Private sector funding key to solve Auckland transport woes?
An inadequate transport funding model is at the heart of Auckland’s slow pace of action to build a modern, safe roading infrastructure able to cope with the city’s fast growth, says Auckland Business Forum chair Michael Barnett.
Yet it is a problem that can be easily fixed.
Over the past 20 years we have relied solely on central and local government funding to carry out the transport task, but both local and international evidence shows that the pay-as-you-go model funded by taxes and rates is not up to the task – it doesn’t bring in enough money and projects are dragged out over decades when they could be built far sooner.
About half the projects in the United Kingdom’s current transport infrastructure pipeline are now financed and delivered by the private sector. In Sydney, almost the entire motorway system has been funded privately. New South Wales uses the model extensively and is currently investing one billion a month in the 2018/19 budget on road and rail projects – mostly privately financed.
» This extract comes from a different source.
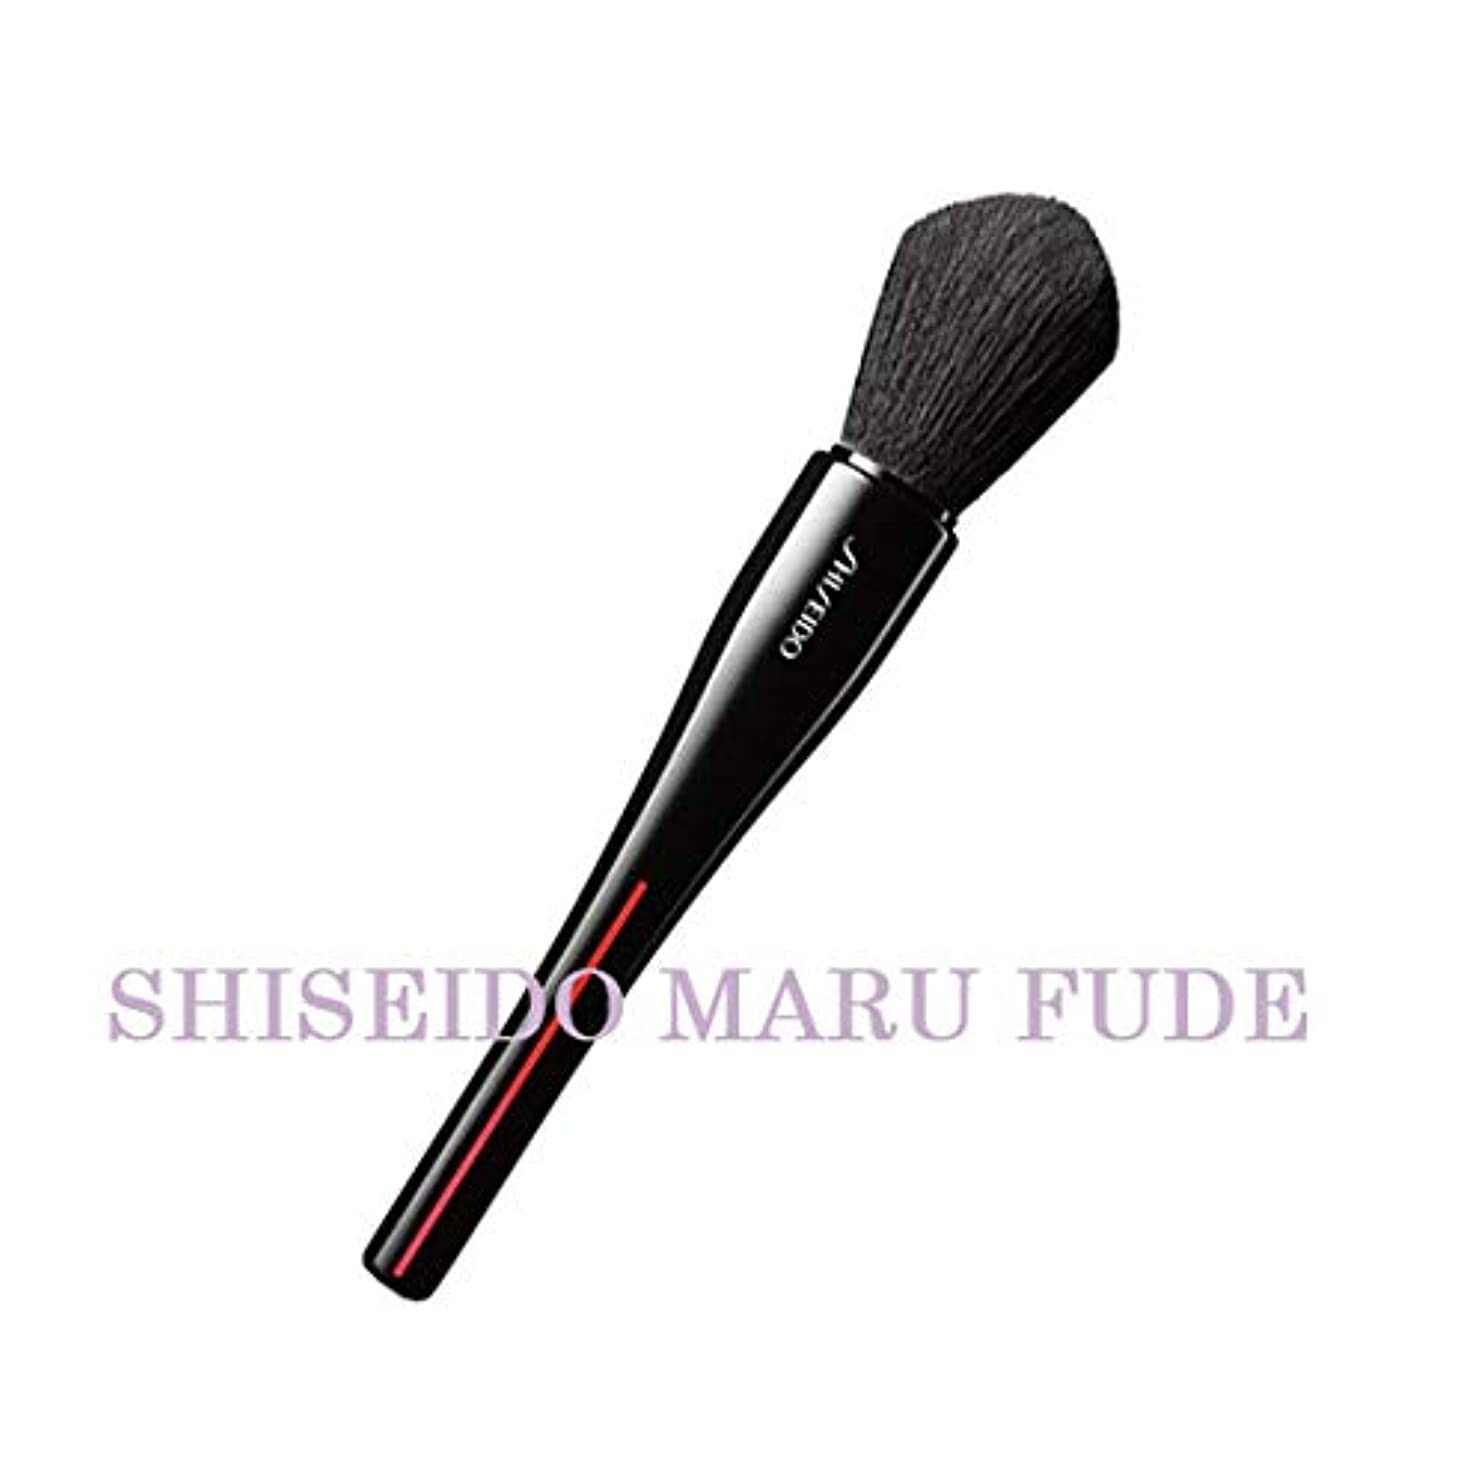 グローブ厚さディンカルビルSHISEIDO Makeup(資生堂 メーキャップ) SHISEIDO(資生堂) SHISEIDO MARU FUDE マルチ フェイスブラシ

Meanwhile in Auckland there’s scarcely a strategic road being built and the sector remains largely untouched by private finance. This is despite the large sums of private investment going into Auckland’s many business-led growth and development opportunities.
Unveiling the Forum’s 2019 Priority Transport
Investment Package (see below), Barnett noted that the list
included critically needed ‘ready to go’ improvements to
long-standing over-congested parts of the city’s transport
network in south Auckland and the North Shore.
“We see
an opportunity to make 2019 a turnaround year for transport
investment in Auckland,” says Barnett. “A change of
attitude to use private finance to fast-track action to
deliver critically needed transport infrastructure would go
a long way to fixing Auckland.”
Leveraging an accelerated “catch-up” pipeline of private sector investment opportunities in the transport sector is an area the Auckland Business Forum can assist.
If Auckland is to get on top of the city’s chronic traffic congestion challenges and stay an attractive and globally competitive city, it must increase the role for private capital in transport infrastructure development – without this shared agenda Auckland will stay on the back-foot and underperforming.